--- EXERCISE DIRECTIONS ---
The expected result is the full listing, retyped exactly, without a single picture.

--- DATA EXCERPT ---

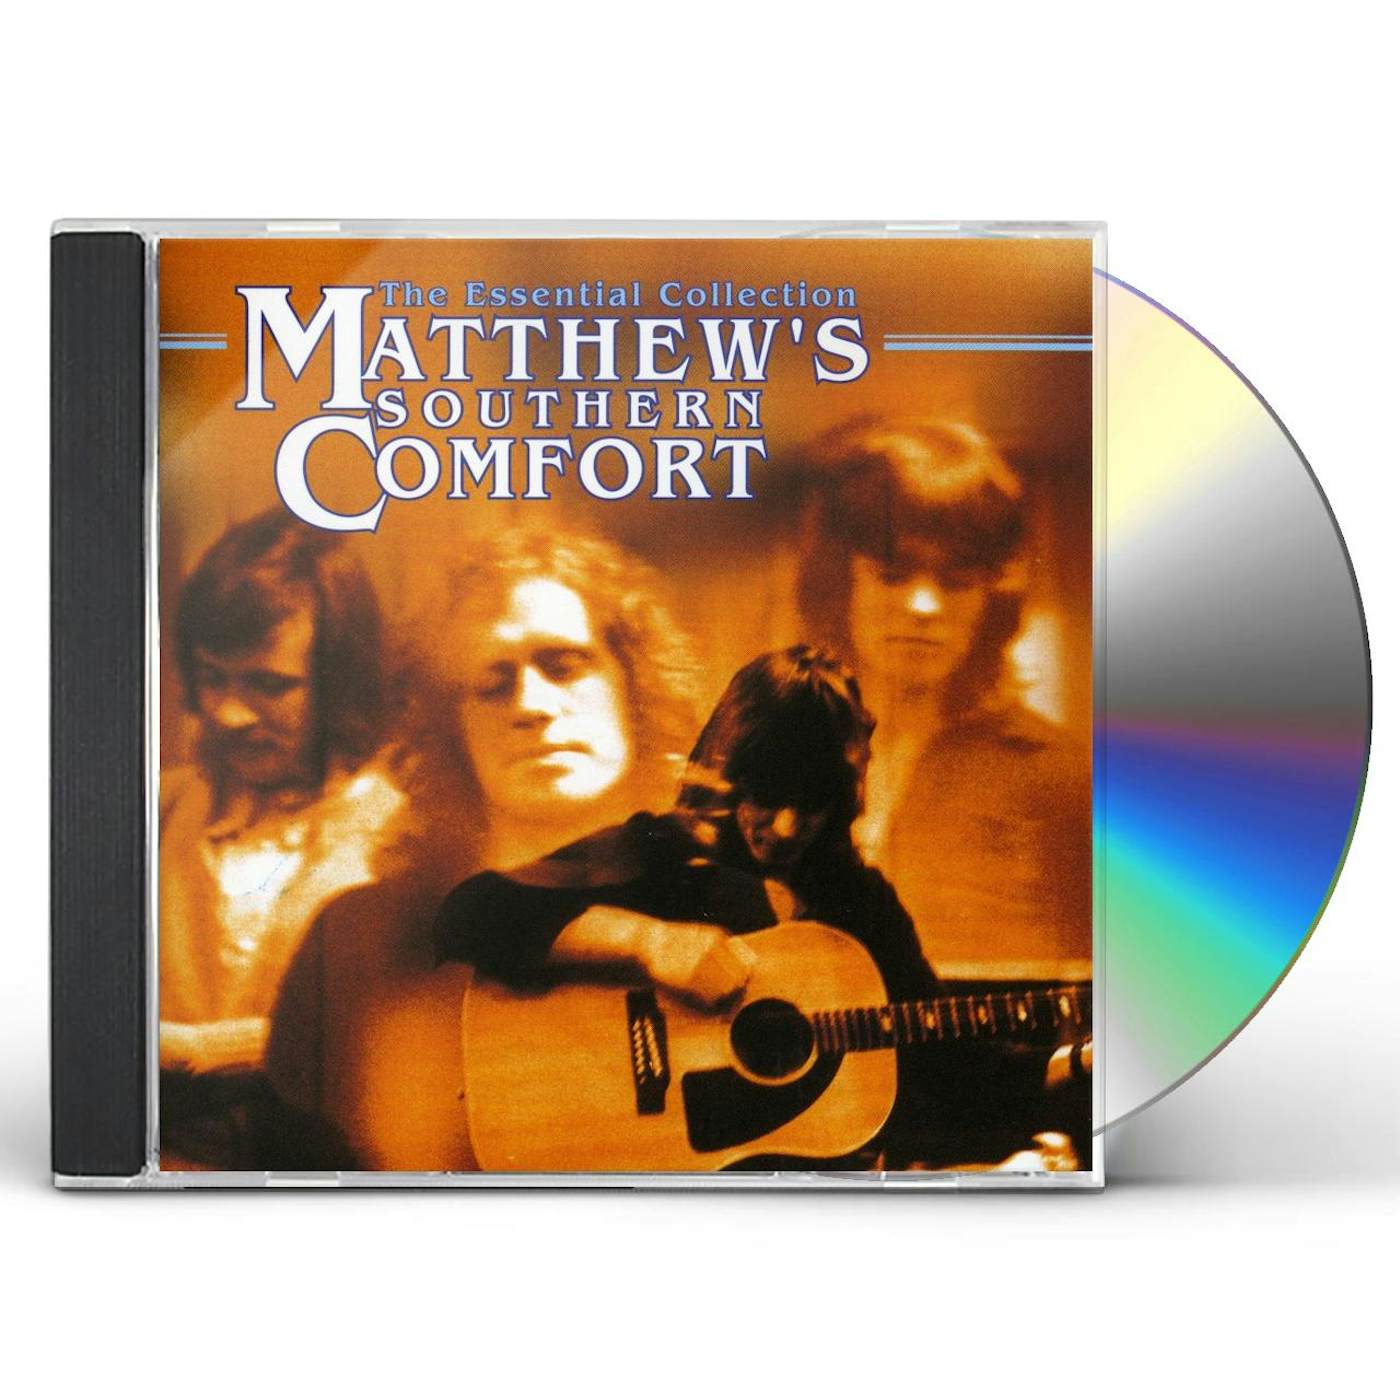 Matthews' Southern Comfort ESSENTIAL COLLECTION CD
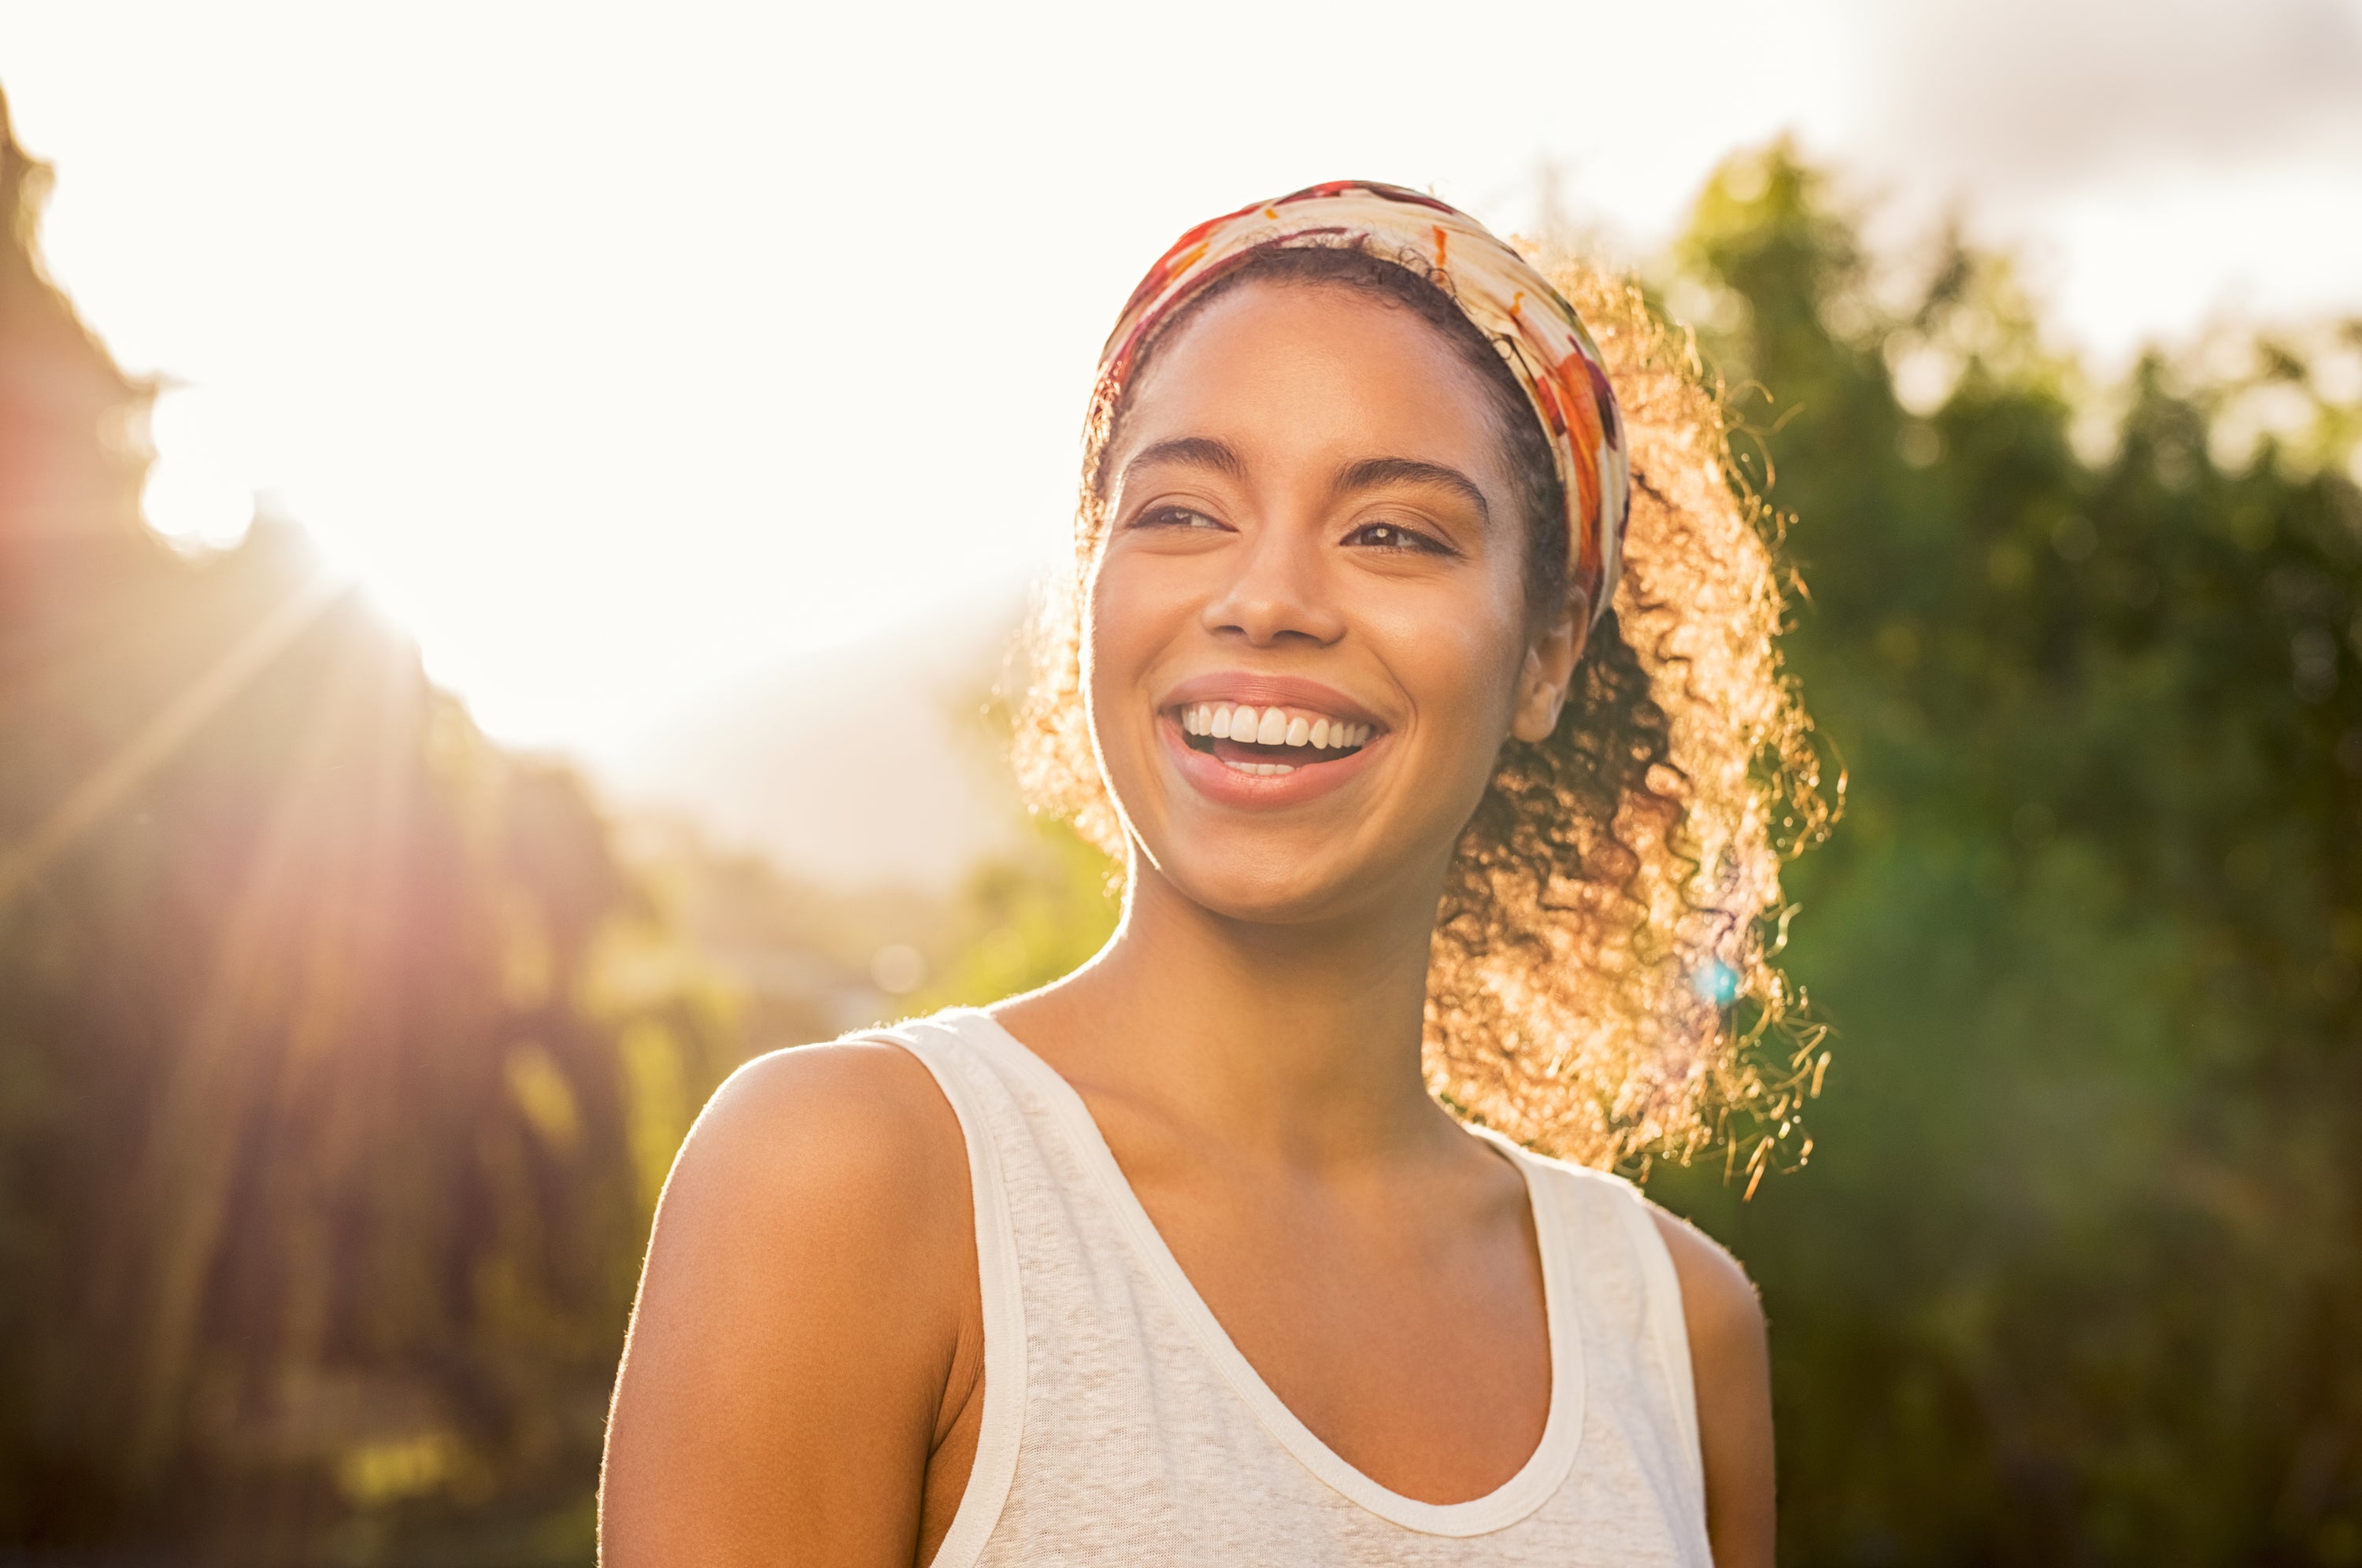 smiling girl with curly hair and headband in sunshine
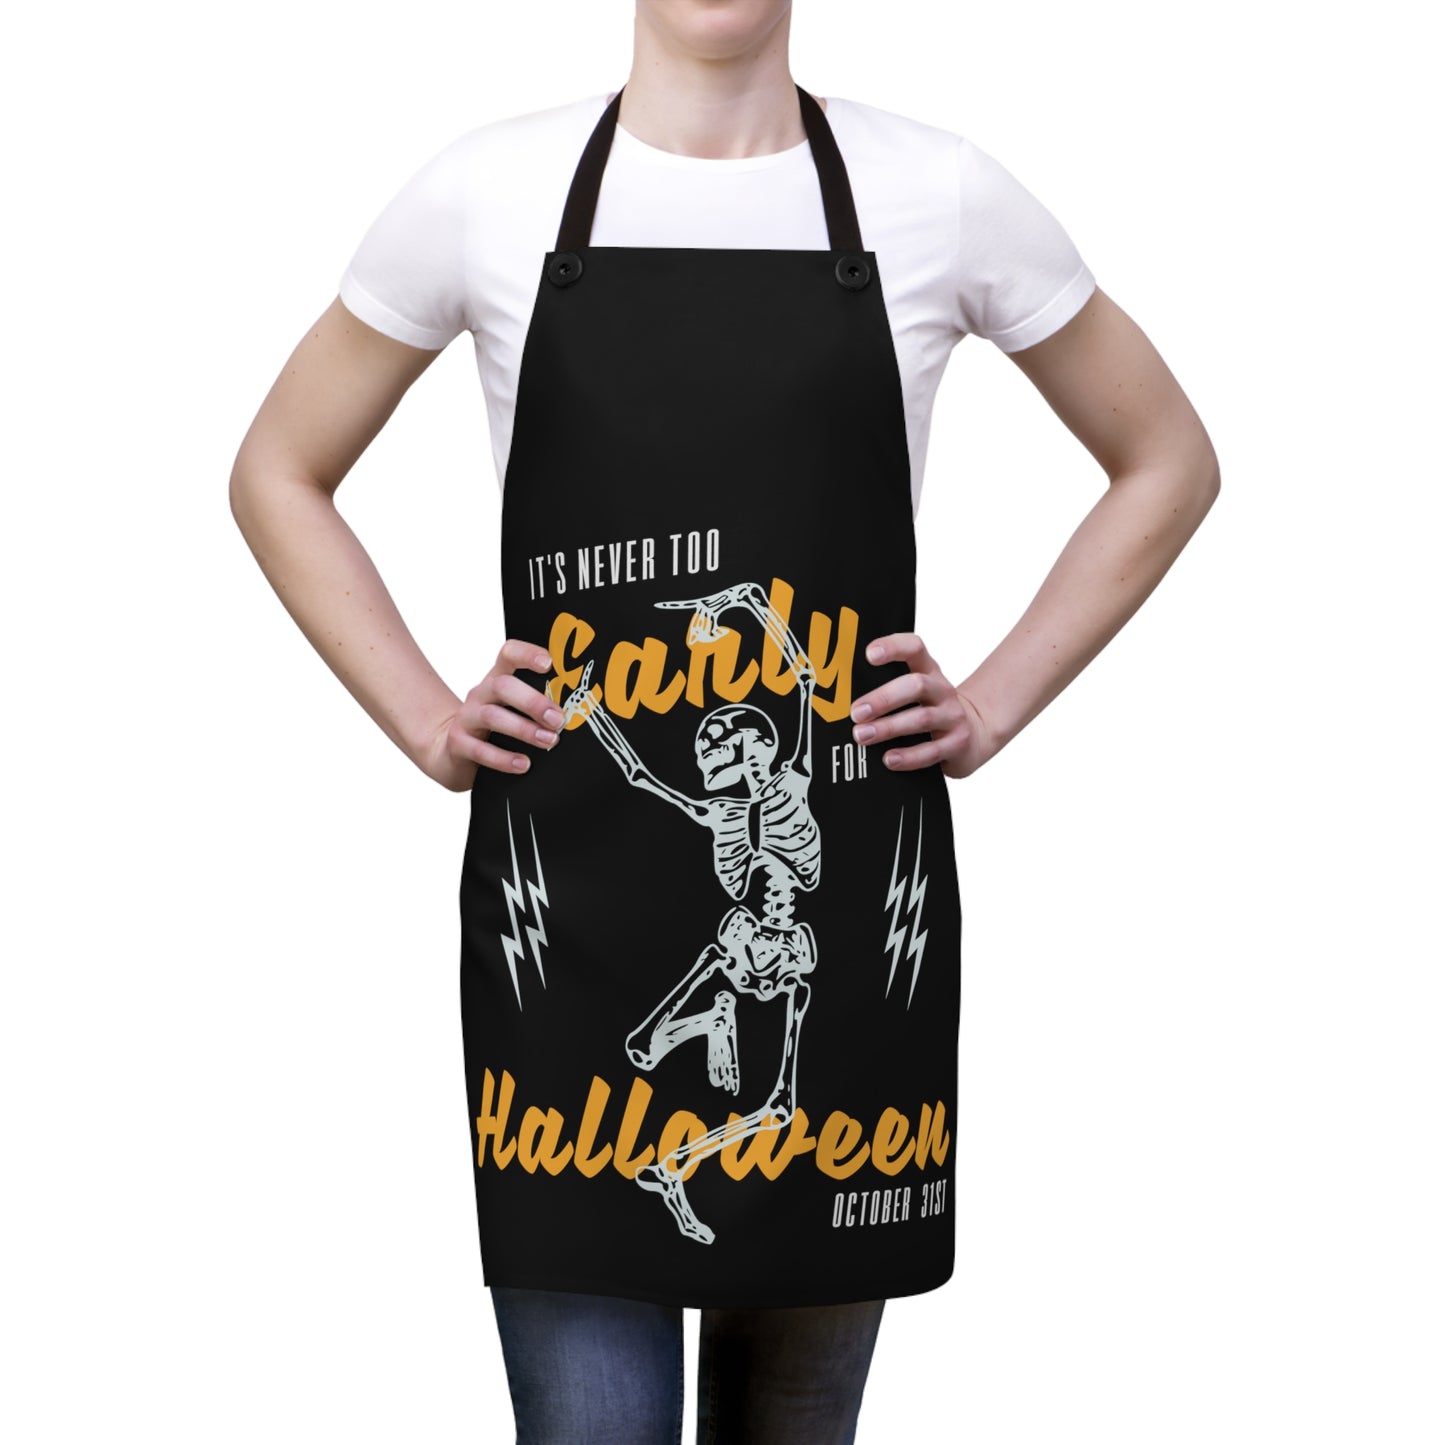 It's Never To Early for Halloween Baking Apron (AOP)
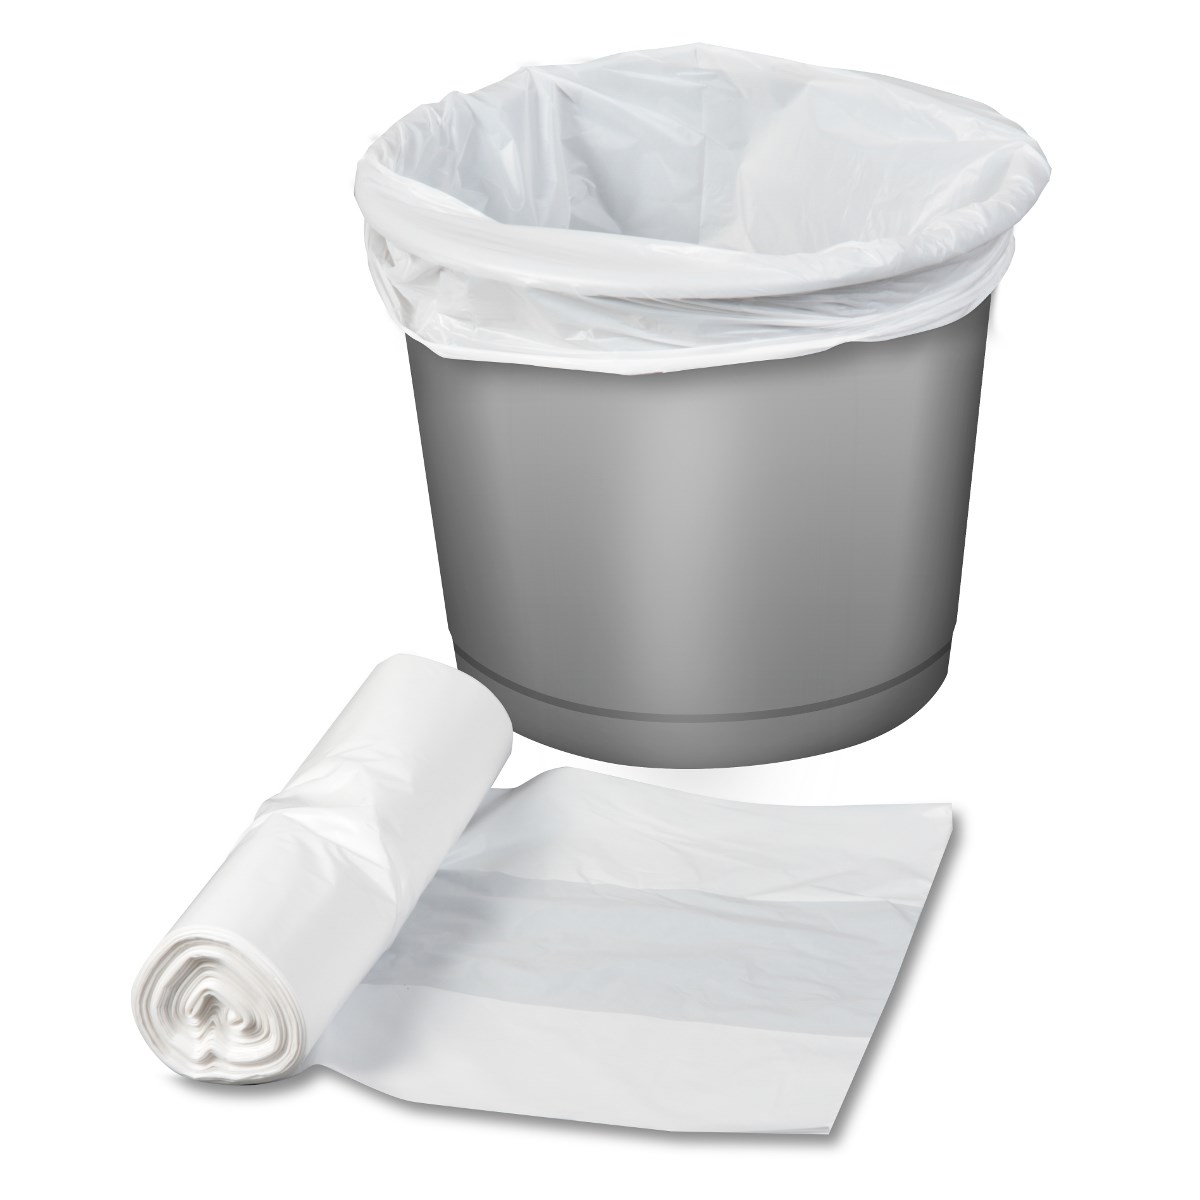 Earth 2 Earth Plastic Compostable Degradable Bin Bags - Best Buys, Bin Bags  Eco, Coloured Bags, Creche and Childcare, Dentistry Hygiene Supplies, Eco  Cleaning Products, Healthcare Products, Kitchen Cleaning, Nursing Home  Hygiene

--- RESULT FOR THIS EXERCISE ---
 Matthews' Southern Comfort ESSENTIAL COLLECTION CD
 smiling girl with curly hair and headband in sunshine
 It's Never To Early for Halloween Baking Apron (AOP)
 Earth 2 Earth Plastic Compostable Degradable Bin Bags - Best Buys, Bin Bags  Eco, Coloured Bags, Creche and Childcare, Dentistry Hygiene Supplies, Eco  Cleaning Products, Healthcare Products, Kitchen Cleaning, Nursing Home  Hygiene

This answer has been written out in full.